Selain itu, NVIDIA menargetkan pengurangan biaya operasional pusat data melalui kombinasi performa dan efisiensi yang lebih baik.
Karena itu, Vera berpotensi menjadi salah satu CPU paling menarik di pasar server AI.
Jadi Jantung Platform Vera Rubin
NVIDIA menempatkan Vera sebagai komponen utama dalam platform Vera Rubin.
Platform tersebut menggabungkan CPU Vera dengan GPU Rubin generasi terbaru untuk menciptakan sistem komputasi yang mampu menangani beban kerja AI dalam skala sangat besar. NVIDIA juga melengkapi platform ini dengan teknologi NVLink-C2C yang memungkinkan CPU dan GPU bertukar data dengan kecepatan sangat tinggi.
Kombinasi tersebut membantu sistem memproses informasi secara lebih cepat dan mengurangi hambatan komunikasi antar komponen.
Karena itu, platform Vera Rubin menjadi fondasi penting bagi pusat data AI generasi berikutnya.
Perusahaan Teknologi Besar Mulai Melirik
Sejumlah perusahaan teknologi global mulai menunjukkan ketertarikan terhadap platform Vera.
NVIDIA menyebut beberapa organisasi yang bergerak di bidang AI dan cloud computing telah mempertimbangkan penggunaan Vera untuk memperkuat infrastruktur mereka. Minat tersebut menunjukkan bahwa industri melihat potensi besar pada teknologi yang NVIDIA tawarkan.
Selain itu, berbagai produsen server juga mulai menyiapkan perangkat yang mendukung prosesor terbaru tersebut.
Karena itu, ekosistem Vera diperkirakan akan berkembang cukup cepat dalam beberapa tahun mendatang.
Tantang Dominasi Intel dan AMD
Selama bertahun-tahun Intel dan AMD menguasai pasar CPU server global.
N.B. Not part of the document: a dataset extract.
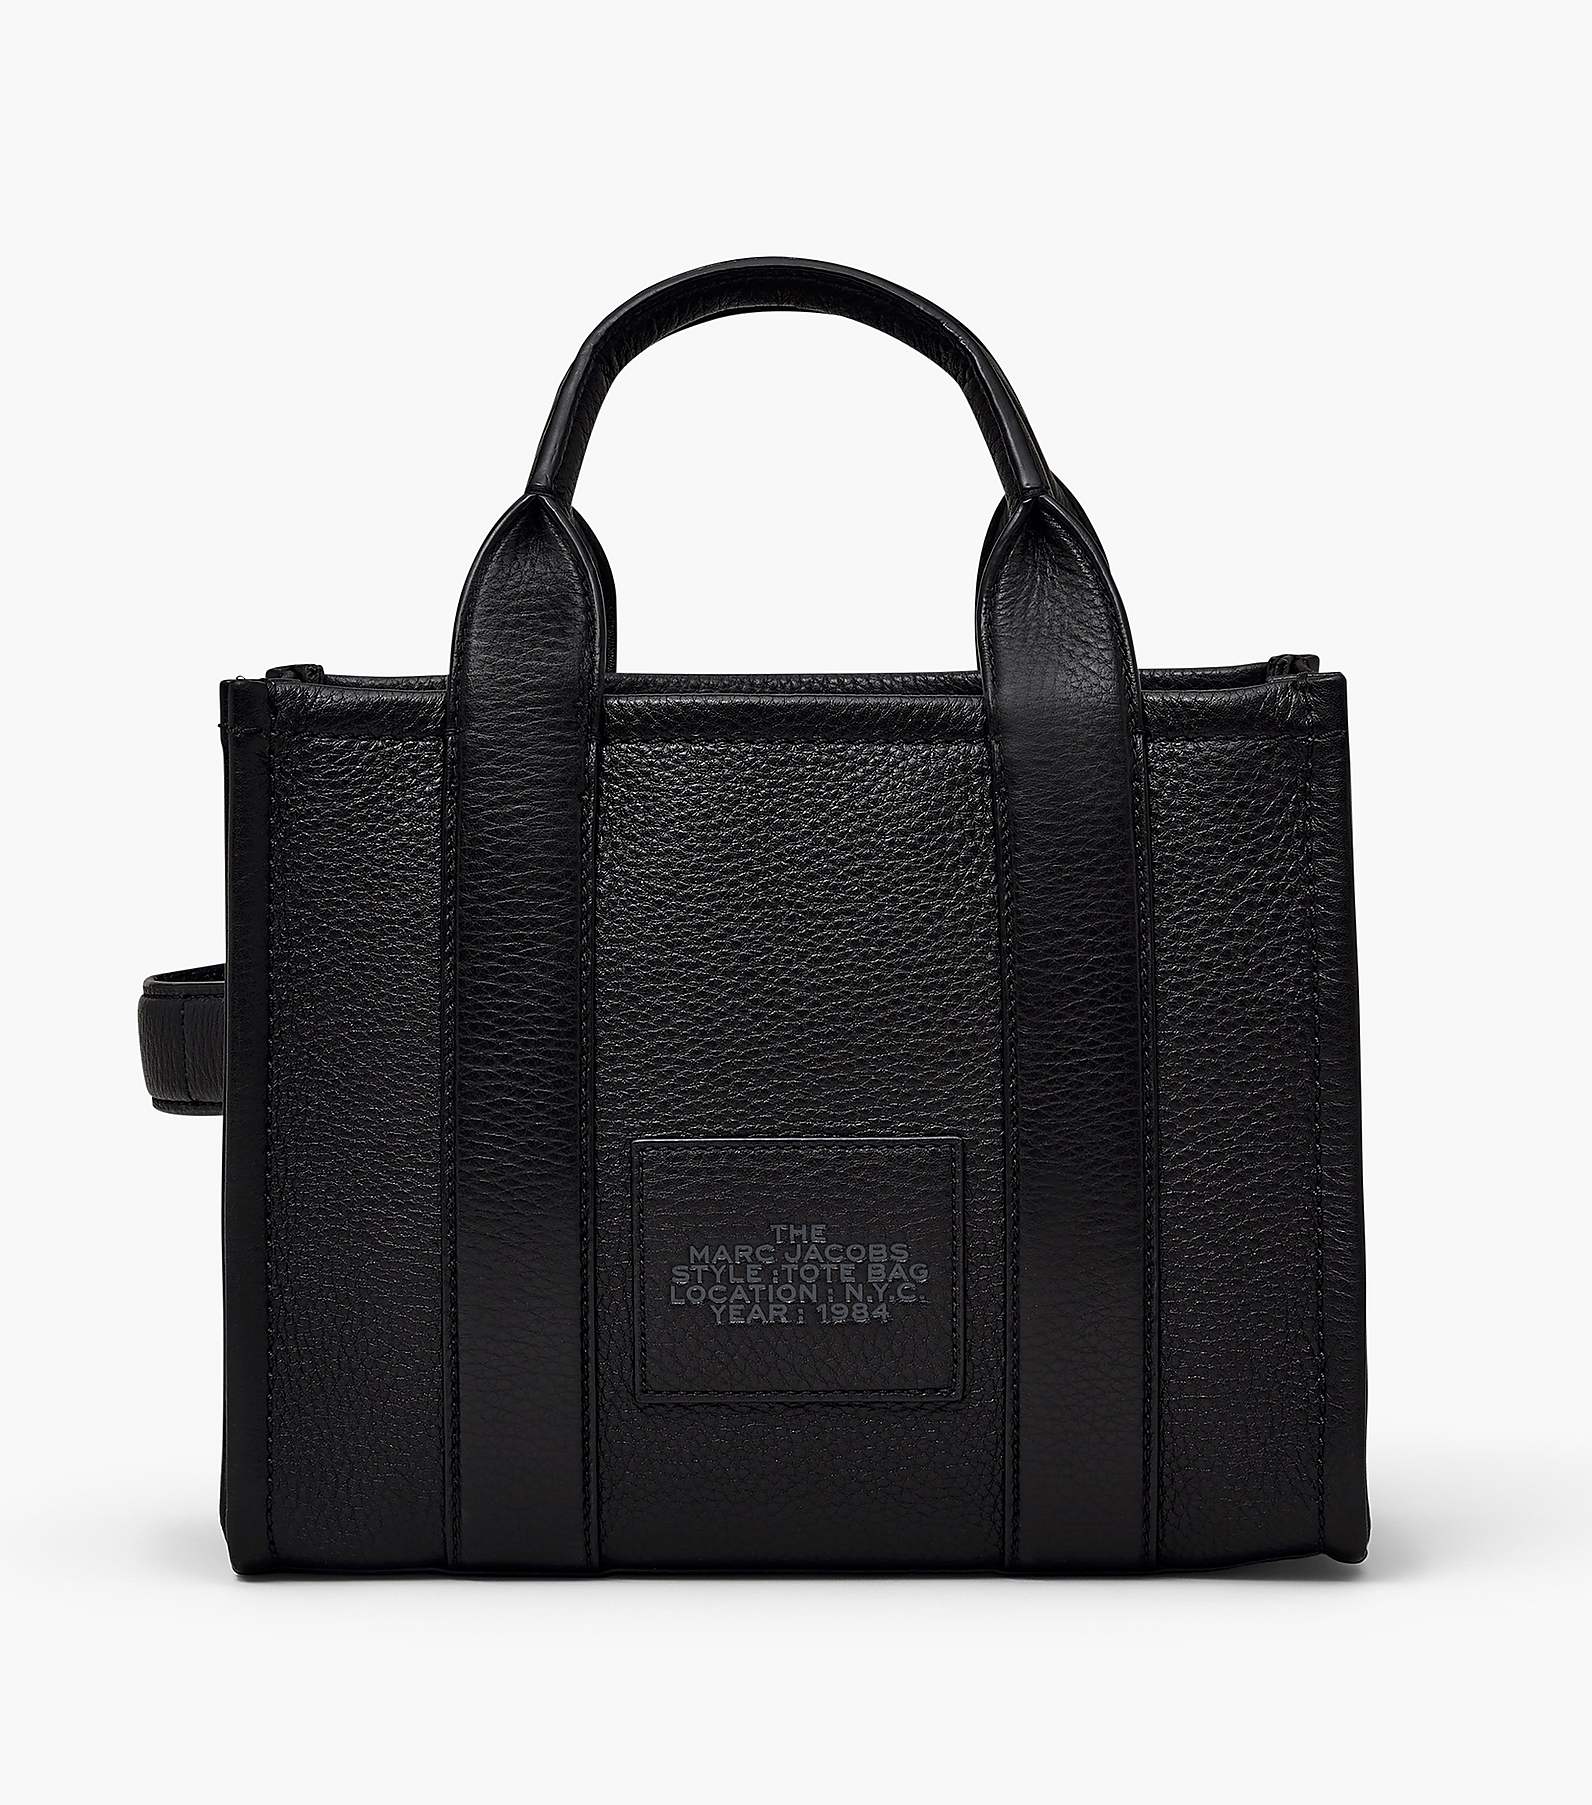 THE LEATHER SMALL TOTE BAG   マーク ジェイコブス   公式サイト
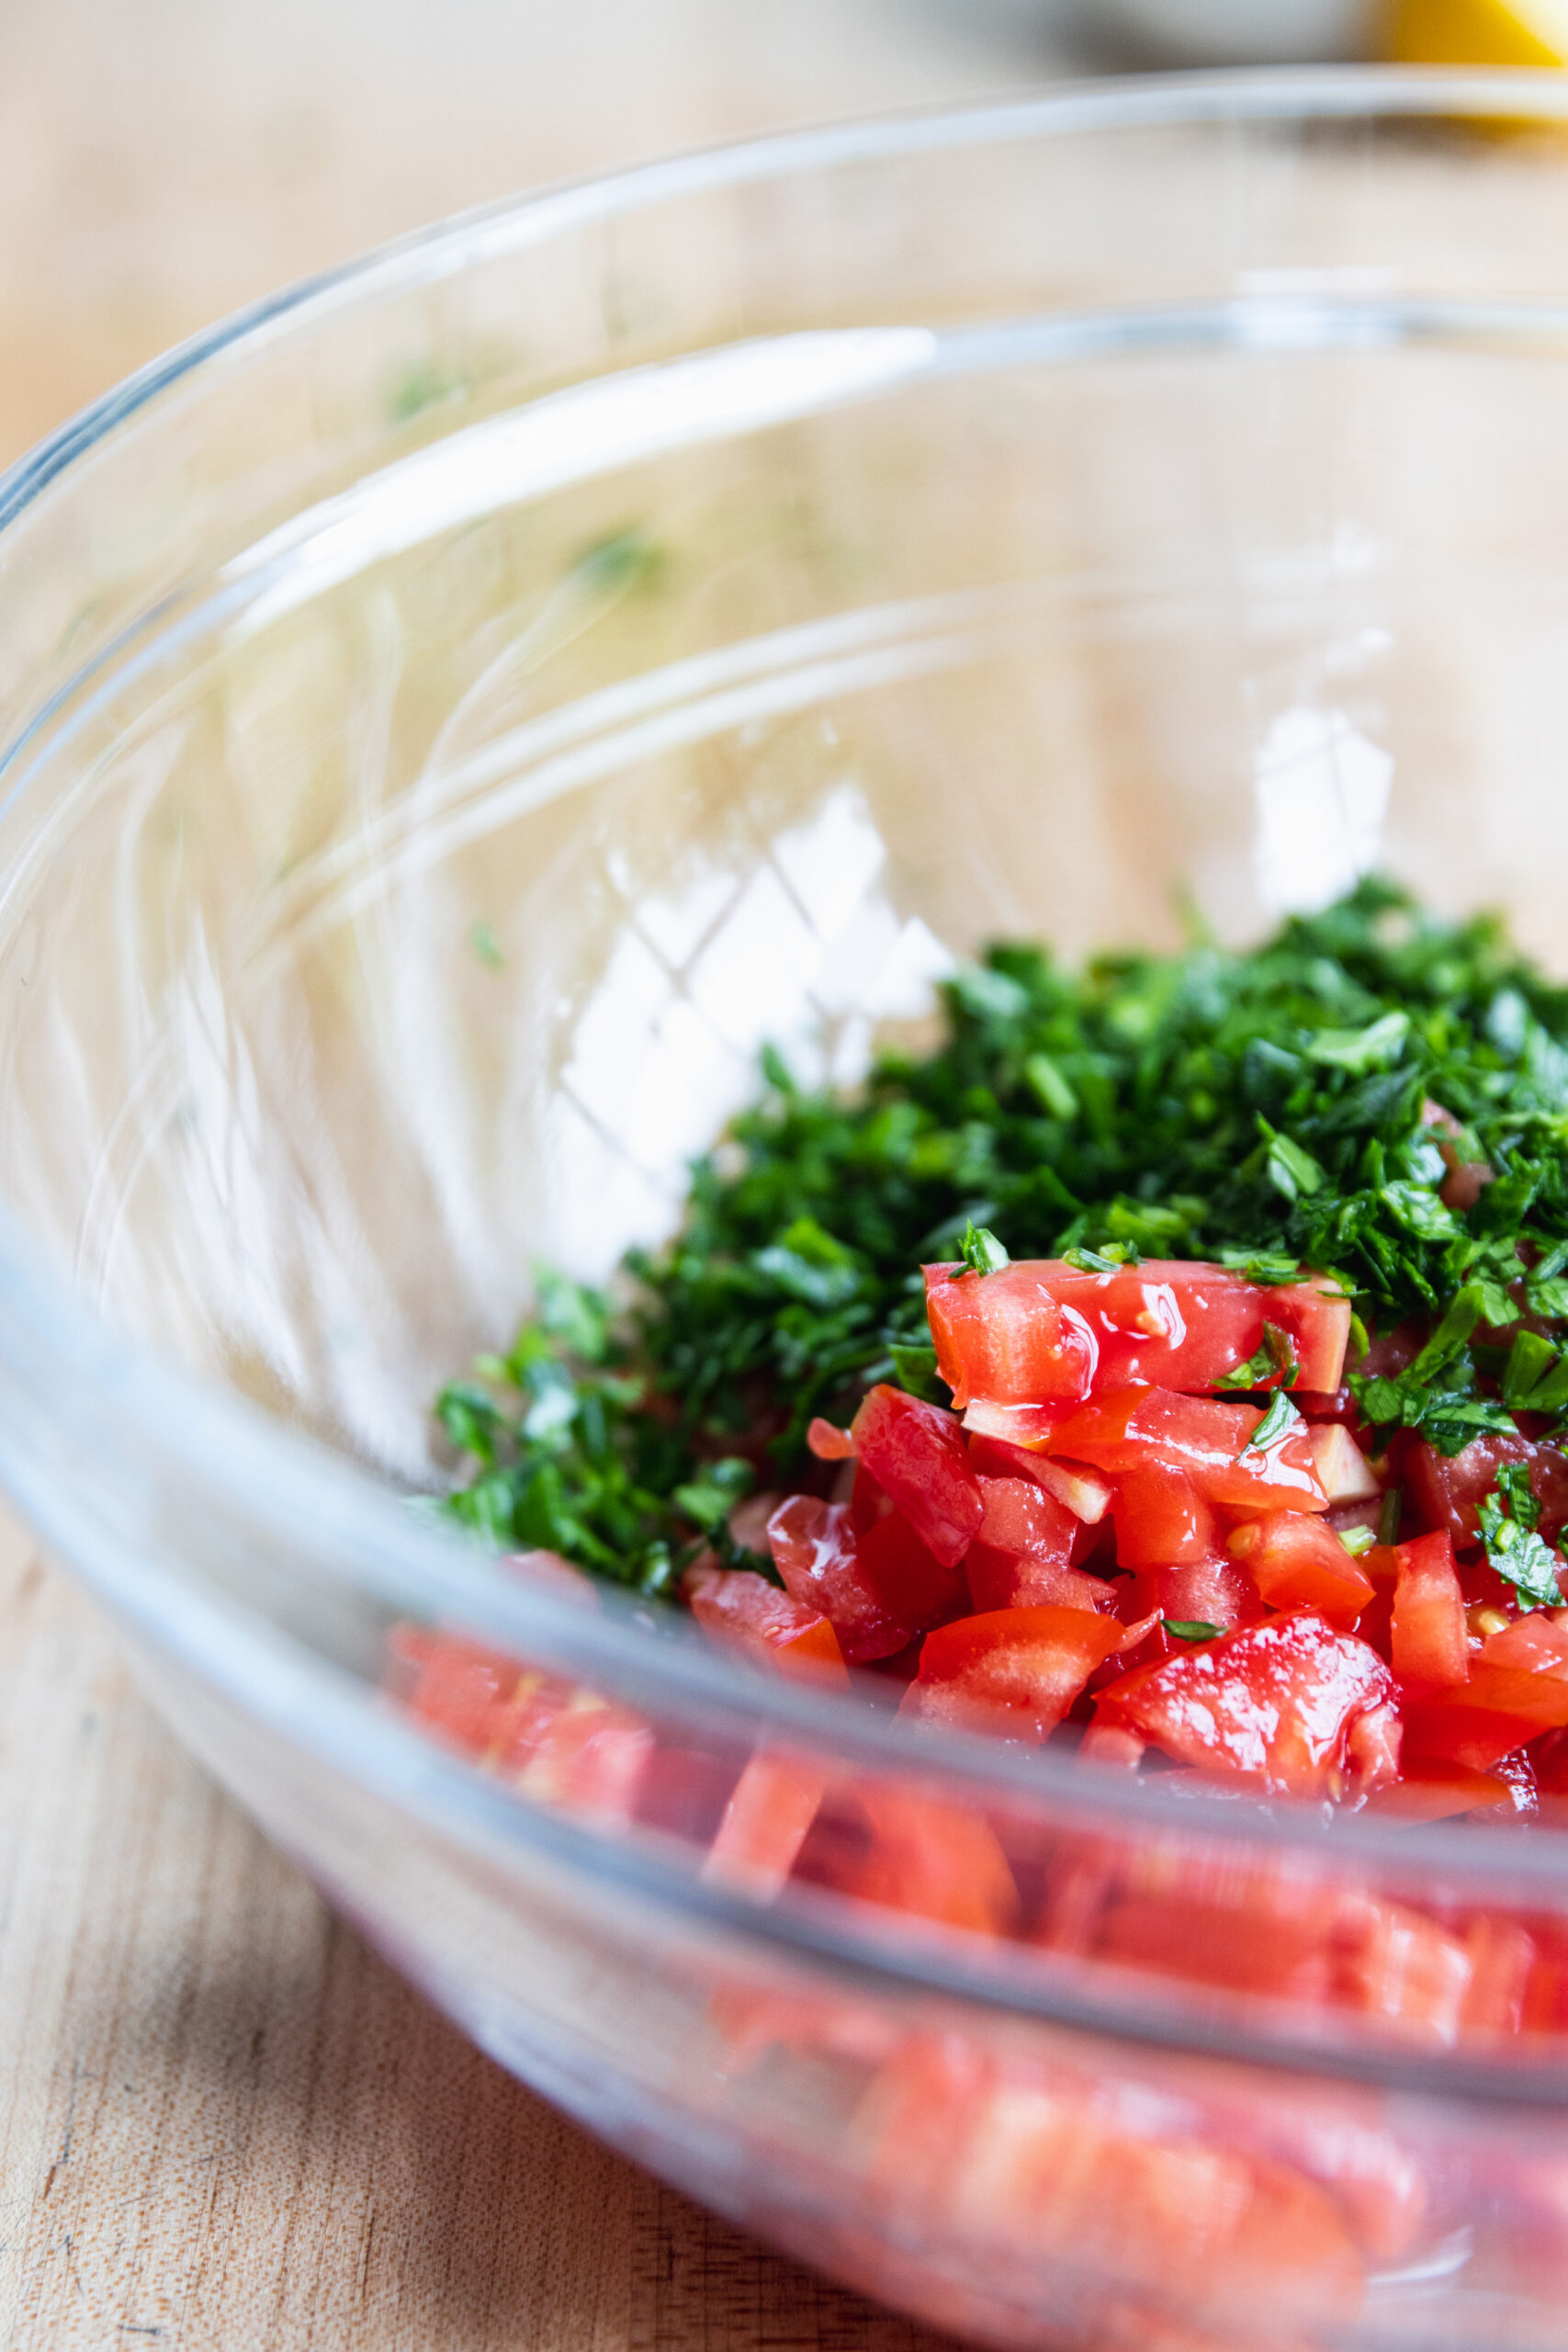 Chopped Tomato and Parsley

Namun, meningkatnya kebutuhan komputasi AI membuka peluang baru bagi NVIDIA untuk memasuki pasar tersebut. Perusahaan kini menawarkan solusi yang mencakup CPU, GPU, jaringan, perangkat lunak, dan infrastruktur AI dalam satu ekosistem terintegrasi.
Strategi tersebut memberikan nilai tambah bagi perusahaan yang ingin membangun pusat data AI tanpa harus menggabungkan berbagai teknologi dari vendor yang berbeda.
Karena itu, persaingan di pasar server diperkirakan akan semakin ketat.
NVIDIA Siapkan Era Agentic AI
NVIDIA mengembangkan Vera untuk mendukung perkembangan agentic AI, yaitu sistem kecerdasan buatan yang mampu menjalankan tugas secara mandiri dengan tingkat otonomi yang lebih tinggi.
Teknologi tersebut membutuhkan kemampuan pemrosesan data yang sangat besar serta komunikasi cepat antara CPU dan GPU. Karena itu, NVIDIA merancang Vera agar mampu memenuhi kebutuhan komputasi generasi baru tersebut.
Selain mendukung pengembangan AI generatif, Vera juga dapat membantu perusahaan membangun sistem otomatis yang lebih cerdas dan responsif.